Fujitsu is also using artificial intelligence (AI) to develop new tools to help operators improve network performance. During Mobile World Congress, Greg Manganello, senior vice president at Fujitsu, explained the main features of the Alarm Storm Detector tool developed by Fujitsu using AI.

Alarm Storm Detector is an AI/ML-powered application engineered to streamline network performance monitoring. “We have combined our network operations knowledge with AI to really help network performance. And when there’s a network trouble, what we really realized is that it’s not a low level of trouble, but big spikes, which can be a little bit overwhelming to network operations teams. And we realized they’ve been spending days and weeks looking for the root cause. So using our AI tools, we can find the exact root cause of a network trouble, throwing away hundreds and thousands of derivative alarms and getting to the root cause,” said Manganello.

“The next step that we’re working on right now to release is predictive maintenance.
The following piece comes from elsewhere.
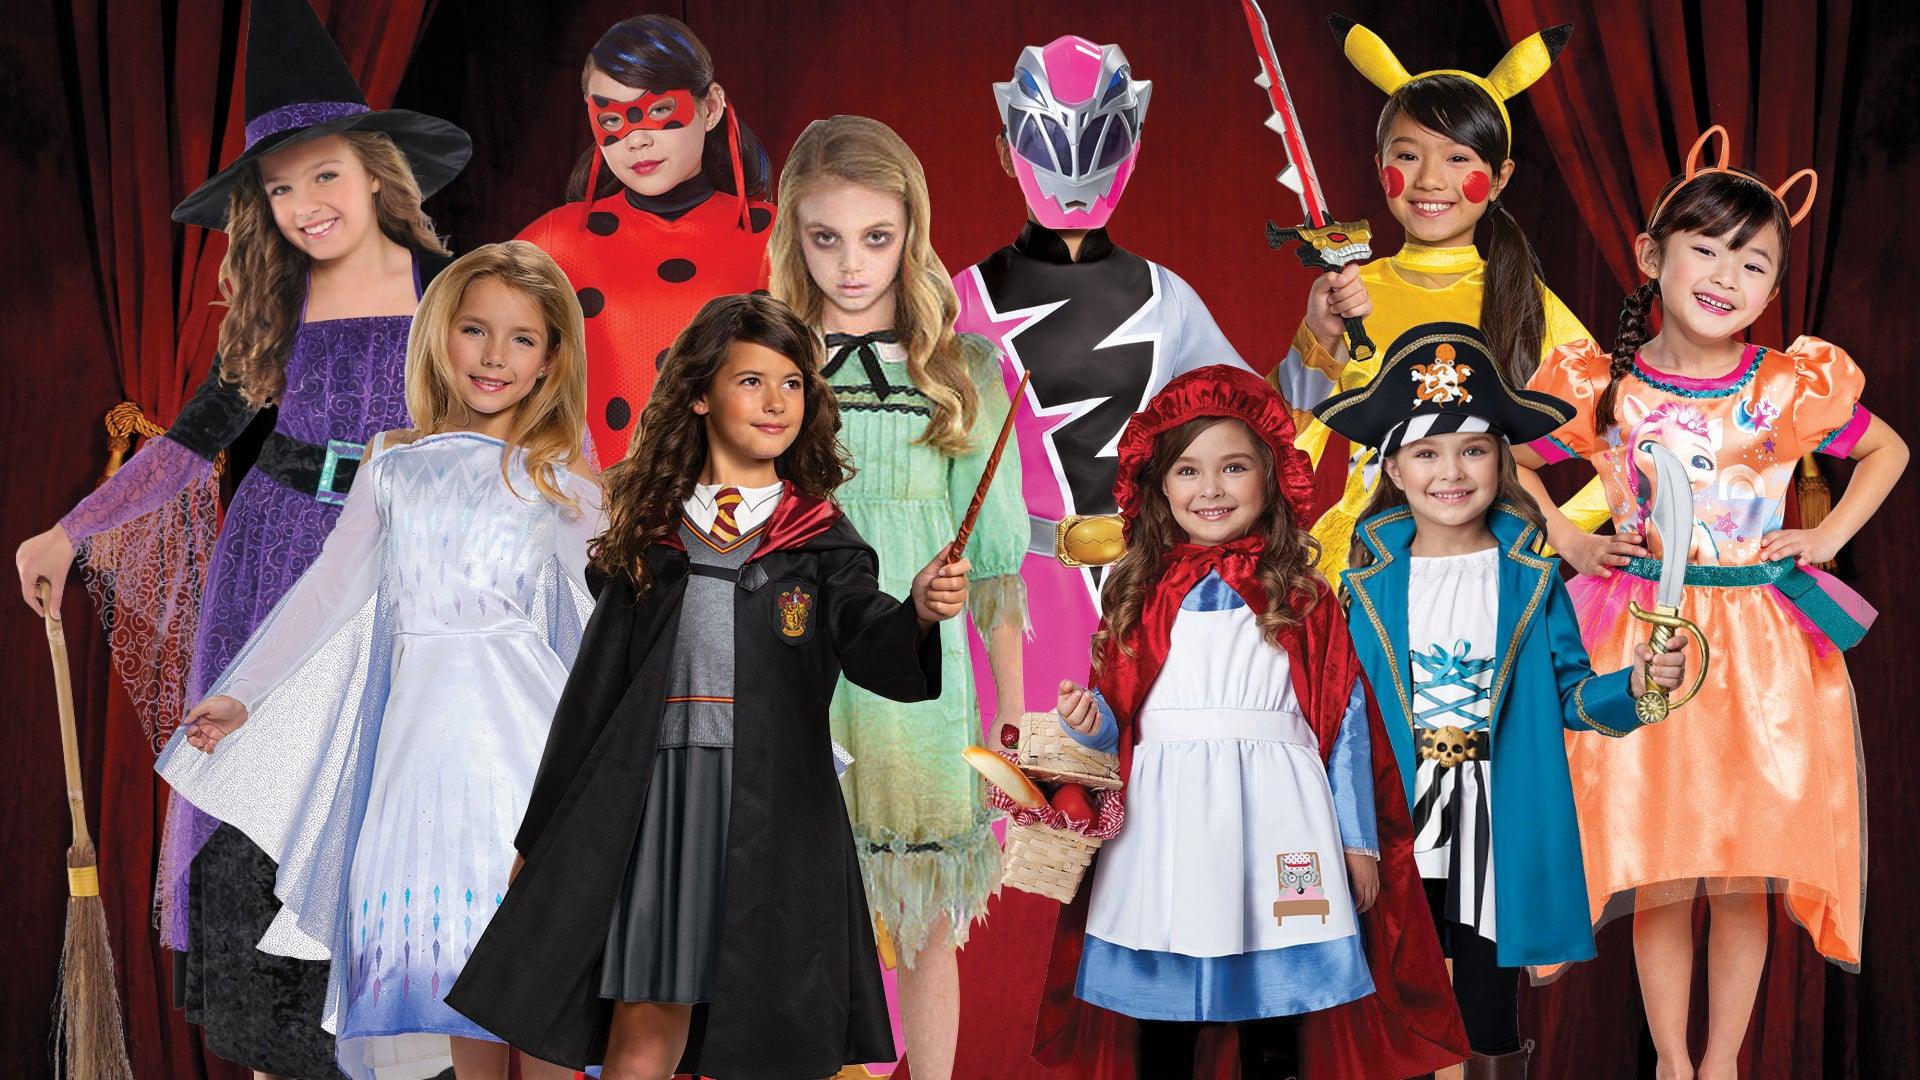 Group Halloween Costumes Women, Outfit for Women, Teen Girl Costumes, Ninja  Female Costume, TV Costume, Plus Size Costume -  Canada

So when we detect degradation of network parameters, we already present that to the operator,” he added.

Manganello also noted that Fujitsu is currently working on large language models—a sort of a chat GPT interface for network operators—, looking at log files and huge petabytes versus of data, and then helping the network operator query that database.

“But what we realize is LLM can’t operate on all that raw data. So we invented a new kind of AI called automatic knowledge extraction, which really is like a bridge between all that multi-vendor multi-domain data, and then network operators so they can get the answers back to their questions on how to really operate a network more efficiently,” he said.